On Fri, Feb 15, 2008 at 3:54 PM, Phil Endecott wrote:
...
This week I
 have been writing some UTF-8 encoding and decoding and
 Unicode<->iso8859 conversion algorithms.  They seem to be faster than
 the libc implementations which is satisfying especially as I haven't
 even started on the serious optimisations yet.  This will be part of
 the strings-tagged-with-character-sets stuff that I have described
 before.  Anyone interested?
Sure. Though I'm most interested in all charset conversions.

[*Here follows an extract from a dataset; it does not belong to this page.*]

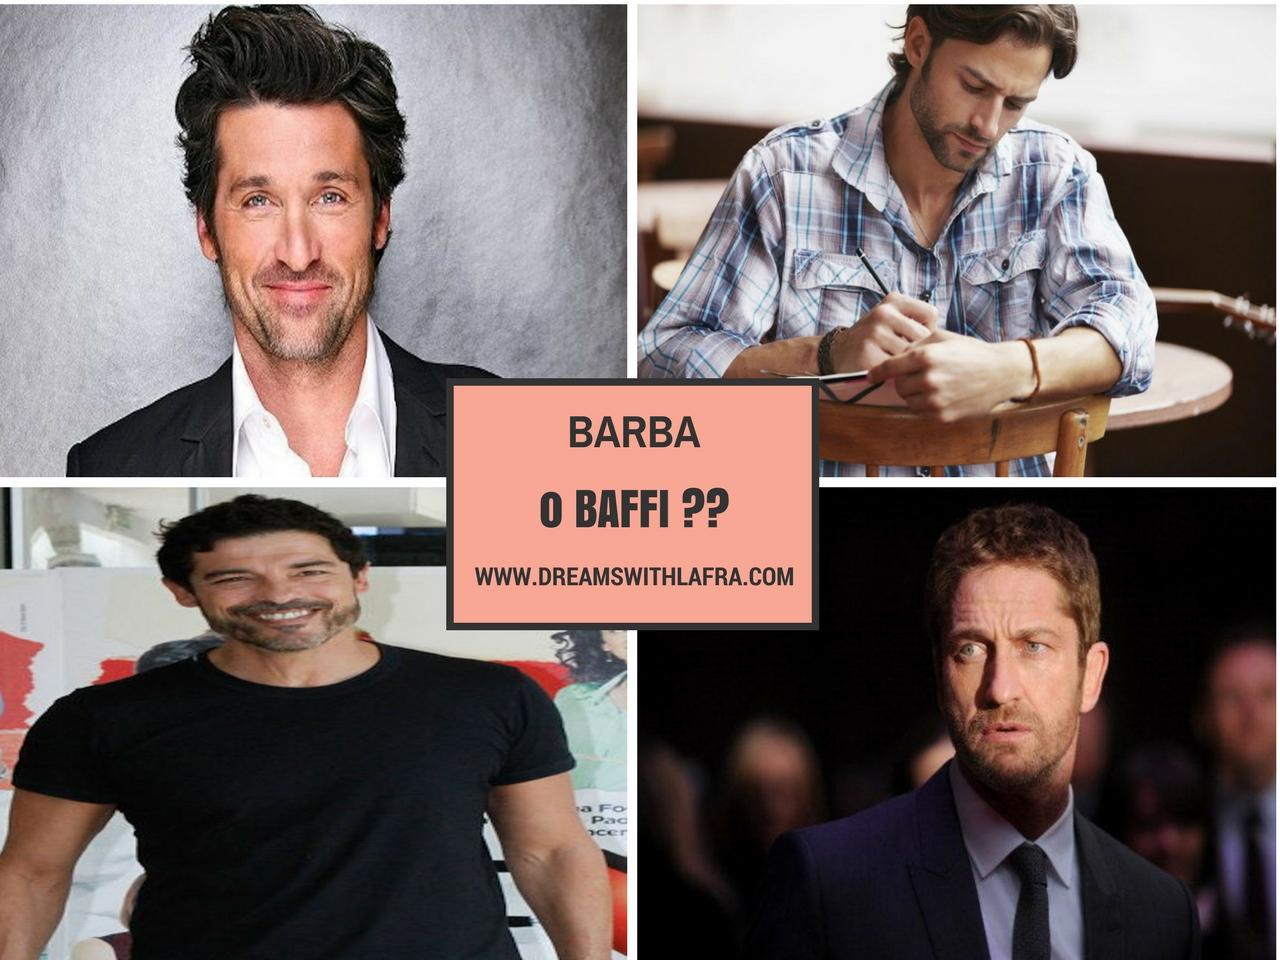 Che tipo di rasatura scegliere: barba o baffi?!

But the
most usual is enough to speed up my application *a lot*.
Thanks to everyone who expressed an interest.
I will attempt to have some sort of documentation and code available in 
the next few days.  Pester me if I don't produce anything.
OK, the code is here:
   http://svn.chezphil.org/libpbe/trunk/include/charset/

and there are some very basic docs here:
   http://svn.chezphil.org/libpbe/trunk/doc/charsets/
(Have a look at intro.txt for the feature list.)

This code is not yet Boostified (namespaces, directory layout etc.)
Most of it compiles but it has hardly been exercised at all.
The functionality includes conversion between UTF-8, UCS-2, UCS-4, 
ASCII and ISO-8859-*.

Things I'd appreciate feedback on:
- What should the cs_string look like?  Basically everywhere that 
std::string uses an integer position I have the choice of a character 
position, a unit position, or an iterator - or not providing that function.
- What character sets are people interested in using (a) at the "edges" 
of their programs, and (b) in the "core"?

Regards,  Phil.